Mason v. Workmen's Compensation Appeal Board

657 A.2d 1020, 1995 Pa. Commw. LEXIS 172, 1995 WL 225217
CourtCommonwealth Court of Pennsylvania
DecidedApril 13, 1995
DocketNo. 967 C.D. 1994
StatusPublished
Cited by19 cases

This text of 657 A.2d 1020 (Mason v. Workmen's Compensation Appeal Board) is published on Counsel Stack Legal Research, covering Commonwealth Court of Pennsylvania primary law. Counsel Stack provides free access to over 12 million legal documents including statutes, case law, regulations, and constitutions.

Bluebook
Mason v. Workmen's Compensation Appeal Board, 657 A.2d 1020, 1995 Pa. Commw. LEXIS 172, 1995 WL 225217 (Pa. Ct. App. 1995).

Opinion

DOYLE, Judge.

Robert D. Mason (Claimant) appeals an order of the Workmen’s Compensation Appeal Board (Board) which affirmed a referee’s order terminating Claimant’s benefits.

In order to understand the issues raised by Claimant, it is necessary to review the facts and the procedural history of this case which date back to 1981. Claimant was employed by Hilti Fastening Corporation (Employer), as an account foreman when he sustained an injury to his lower back on February 3, 1981. However, because Employer provided Claimant with a modified position, which allowed him to continue to work without loss of wages, no compensation was paid. However, Claimant’s position was eliminated on November 11, 1982, for economic reasons and, thereafter, he filed a claim petition.

On September 23, 1983, a hearing was conducted on the claim petition at which both Claimant and Employer presented expert medical testimony. Claimant presented the testimony of Dr. Gerald Weiner who testified that Claimant sustained a lumbosacral strain which aggravated a birth defect involving his spine; he stated that Claimant was totally disabled by that injury. Employer presented the testimony of Dr. James B. Medlock, who opined that, while Claimant suffered from a work-related lumbosacral strain, Claimant had fully recovered from that inju[1022]*1022ry by January 21,1983. The referee adopted the testimony of Dr. Weiner and granted Claimant benefits.

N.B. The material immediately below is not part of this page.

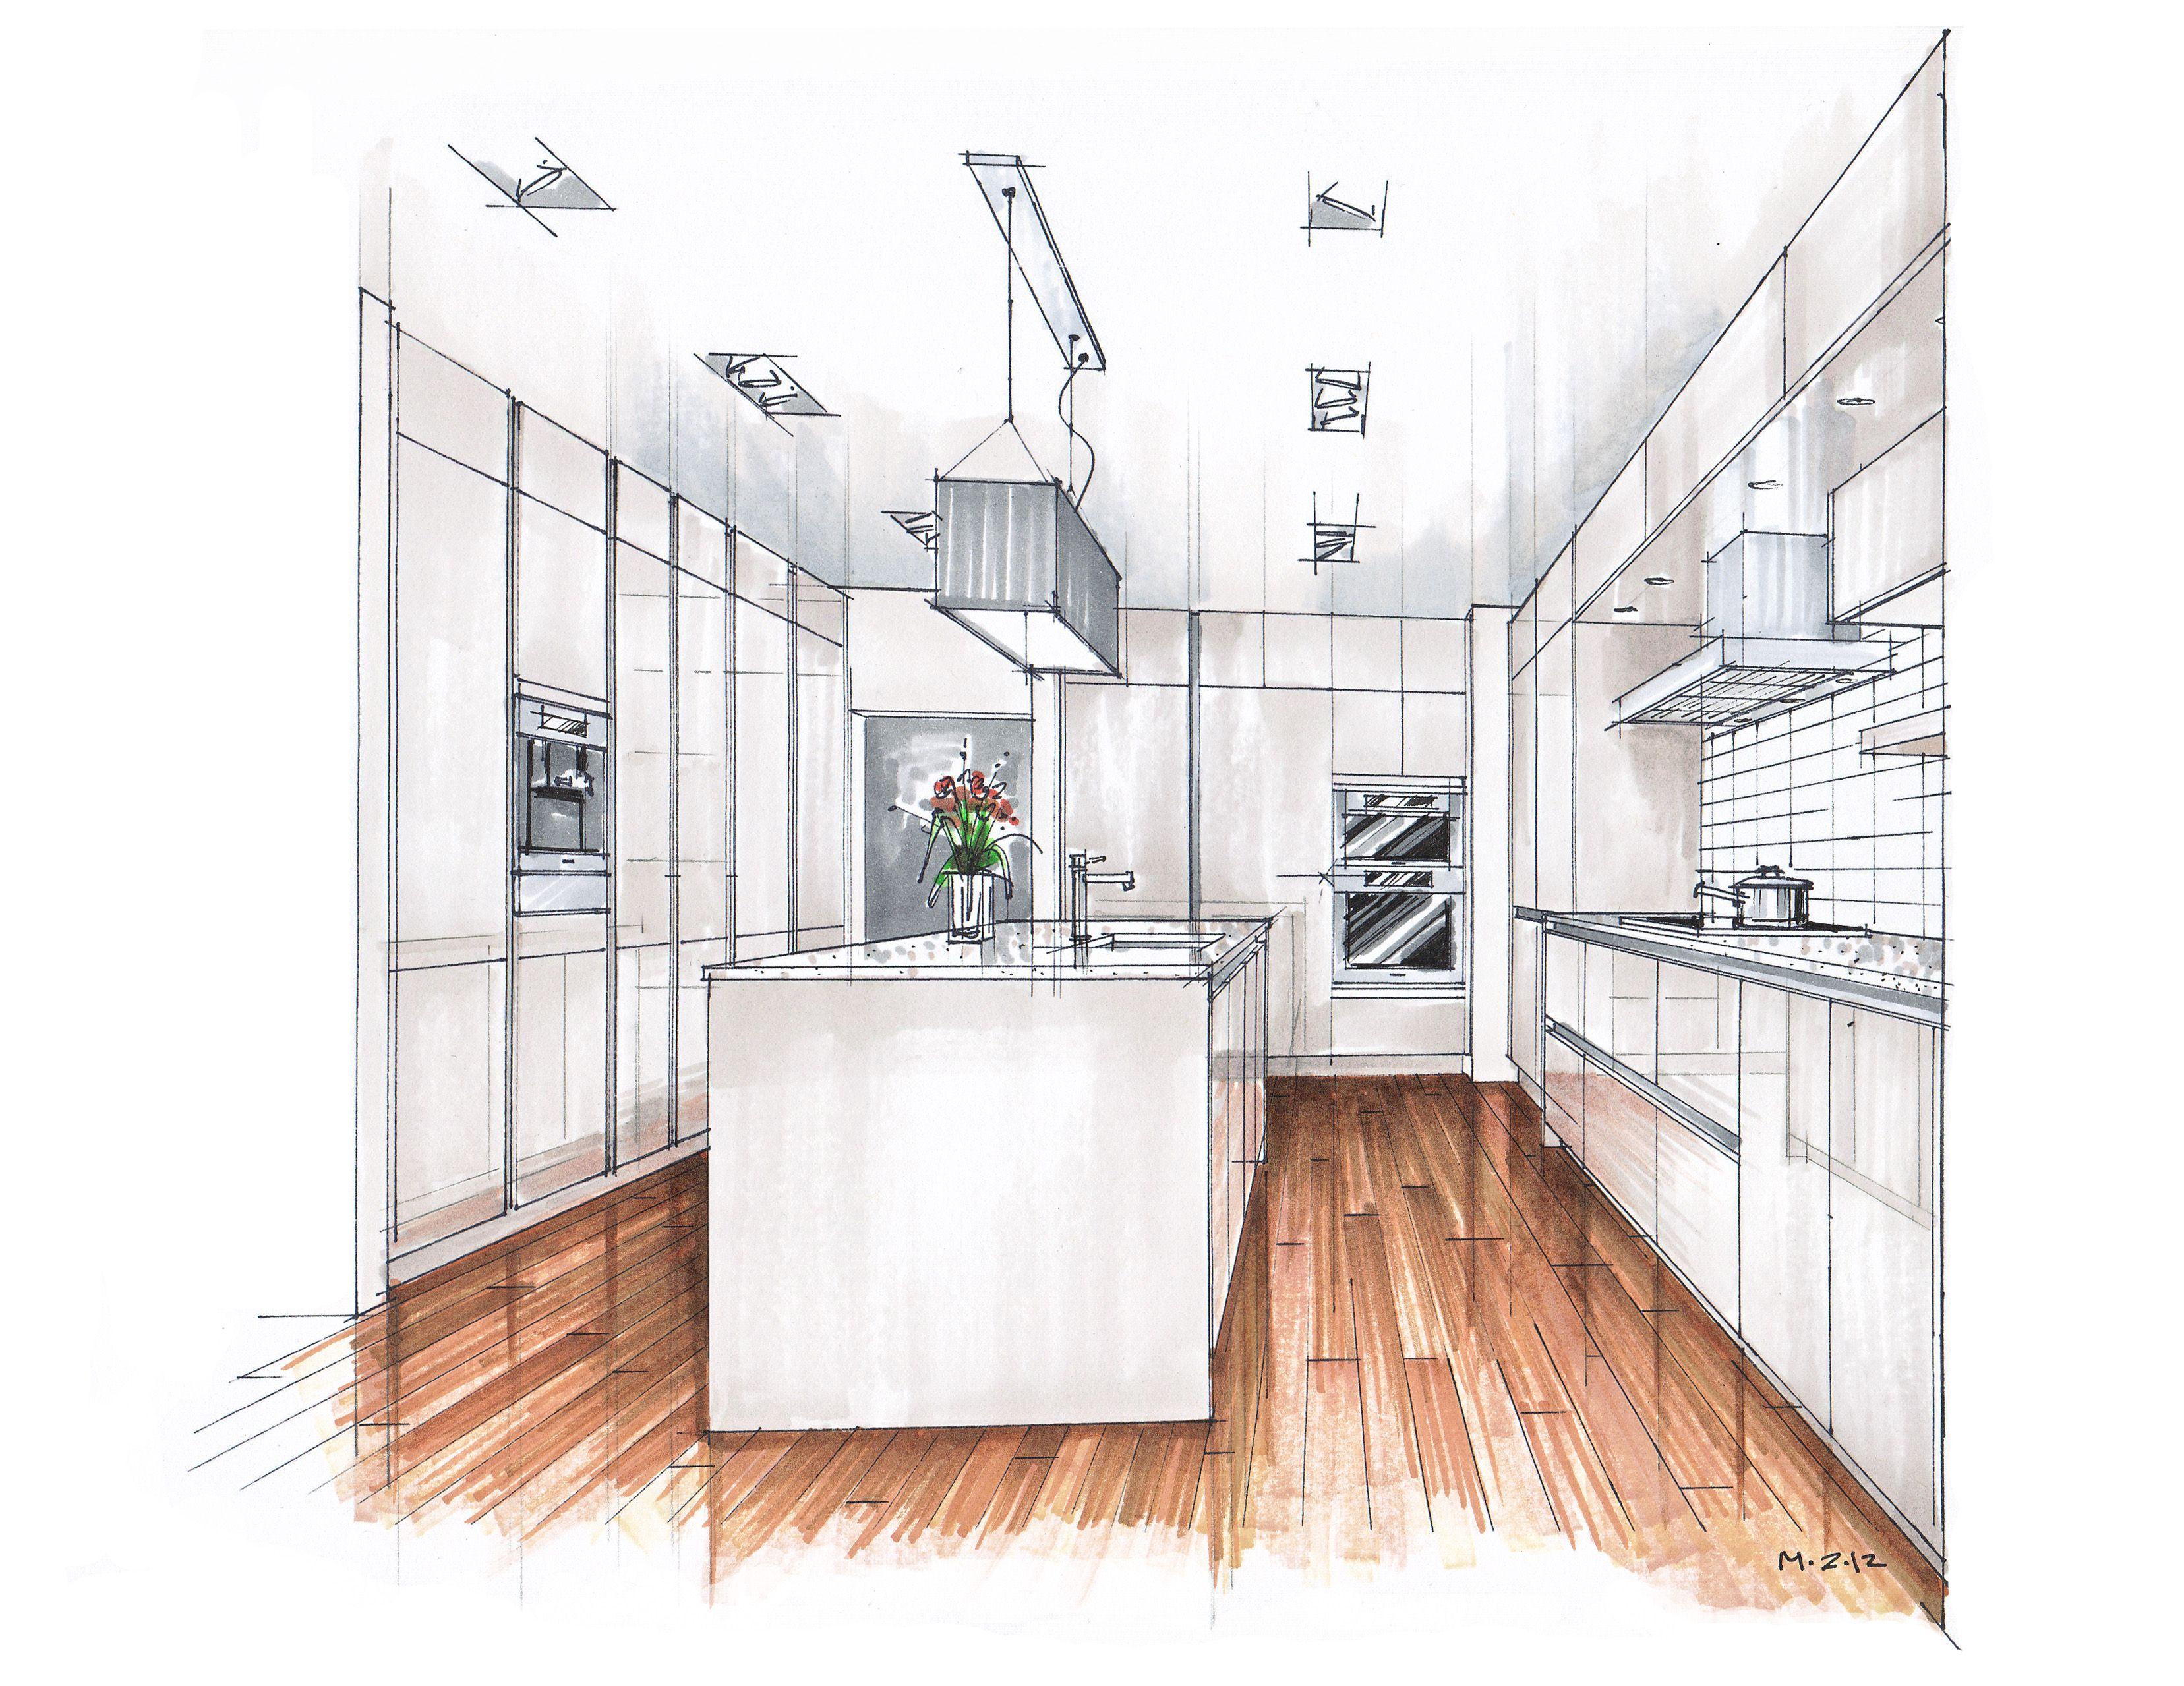 Inspirational kitchen marker rendering google search for Interior designs kitchen sketches

On May 19,1986, Employer filed a petition to terminate Claimant’s benefits1 and, after a hearing, the referee terminated Claimant’s benefits effective February 21, 1986. Claimant appealed that decision to the Board, asserting, inter alia, that the referee incorrectly stated in his findings of fact that Claimant never testified in his own behalf. The Board agreed with Claimant and reasoned that, because the referee erroneously stated in his findings of fact that Claimant never testified in his own behalf, the referee may not have considered Claimant’s testimony. The Board, on February 14, 1990, vacated and remanded the ease for a new hearing.

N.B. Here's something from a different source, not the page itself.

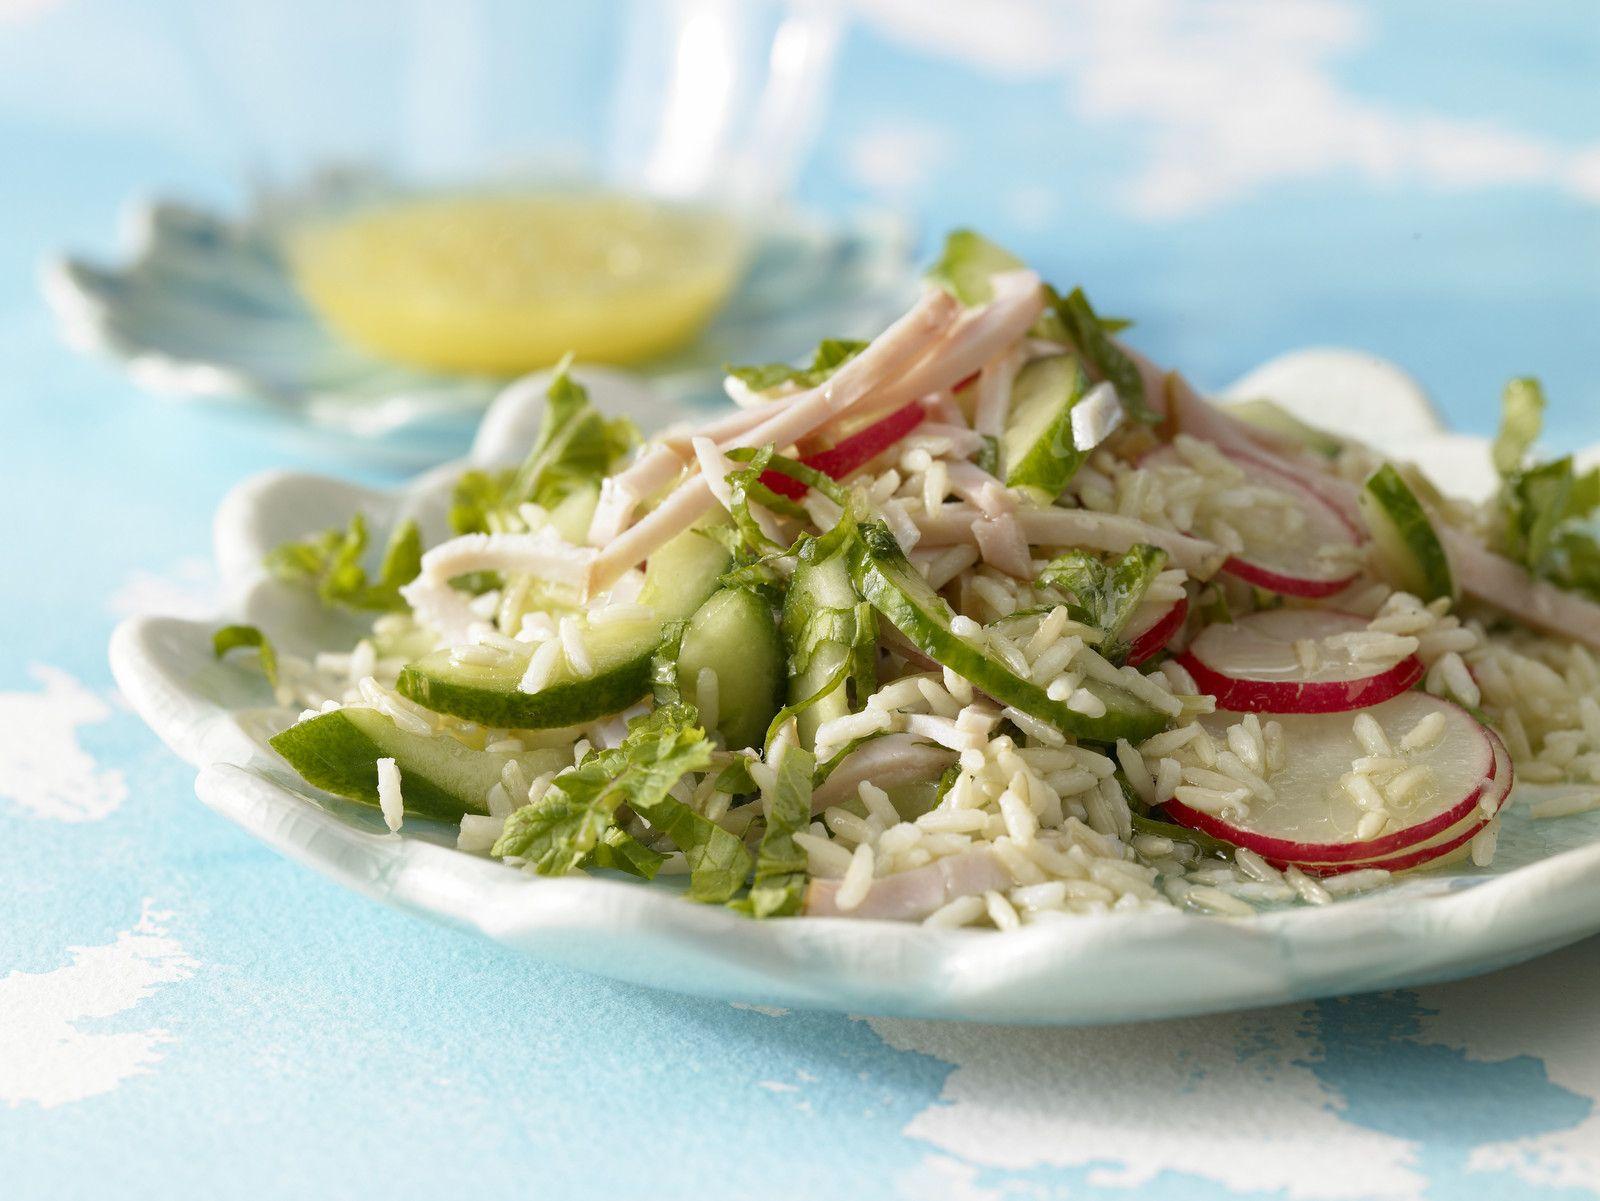 reis-rezepte | eat smarter - Kalorienarme Küche

In accord with the Board’s remand order, the referee conducted a new hearing on October 26, 1990. Employer presented the testimony of Dr. Donald L. Zimmerman, who opined that Claimant completely recovered from his work injury on the date he examined him, February 21, 1986. Dr. Zimmerman noted that Claimant had spinal problems caused by a birth defect and that any restrictions on Claimant’s work activities were caused by the birth defect and not by the work injury. He further opined that Claimant could return to work without any limitations or restrictions. Claimant presented the testimony of Dr. Gerald Weiner, who opined that Claimant suffered from a congenital spinal defect that limited Claimant’s ability to return to work because of the work-related injury, and he opined that it was not possible to separate the disability caused by the congenital defect from the disability caused by the work injury. By an interim order on November 2, 1990, the referee granted Employer a supersedeas and suspended Claimant’s benefits.

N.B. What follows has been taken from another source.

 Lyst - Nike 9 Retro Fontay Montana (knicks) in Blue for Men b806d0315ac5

The referee accepted Dr. Zimmerman’s testimony as credible, and rejected Dr. Weiner’s testimony to the extent that it was inconsistent with Dr. Zimmerman’s testimony. Based on Dr. Zimmerman’s testimony, the referee held that Claimant had completely recovered from his injury and that all Claimant’s disability had ceased, and, therefore, terminated Claimant’s benefits.

Claimant appealed the referee’s order to the Board, which affirmed the referee’s decision to terminate Claimant’s benefits. The Board, however, modified the referee’s order to grant Claimant benefits for a closed period following its earlier remand order. The Board reasoned that, because it vacated the referee’s first termination order and remanded the ease for a new hearing, Claimant’s benefits should have been reinstated as of the date of the remand, February 14, 1990, and continued until the date of the superse-deas, November 2, 1990. This appeal followed.

Claimant contends on appeal that (1) Dr. Zimmerman’s testimony that Claimant recovered by January 23, 1983, was barred by res judicata or collateral estoppel, because he agreed with Dr. Medlock, who testified in the hearing on the claim petition and whose testimony was rejected in that proceeding, (2) Employer did not meet its burden of proving that Claimant’s condition changed since the referee’s previous decision, (3) the referee erred in denying attorney’s fees to Claimant, and (4) the Board erred in modifying the referee’s order to reinstate benefits as of the date of the Board’s remand order, instead of the date on which Claimant’s benefits were first terminated on December 16, 1988.

We will first consider Claimant’s contention that Dr. Zimmerman’s testimony is barred by res judicata or collateral estoppel. Claimant argues that Dr. Zimmerman’s testimony is barred because he agreed with Dr. Medlock’s testimony, introduced in the claim petition hearing, that Claimant recovered from his work injury in 1983. In essence, Claimant asserts that Employer is simply relitigating the position taken by Dr. Med-lock, which had been rejected, via Dr. Zimmerman’s testimony, in the present termination proceeding.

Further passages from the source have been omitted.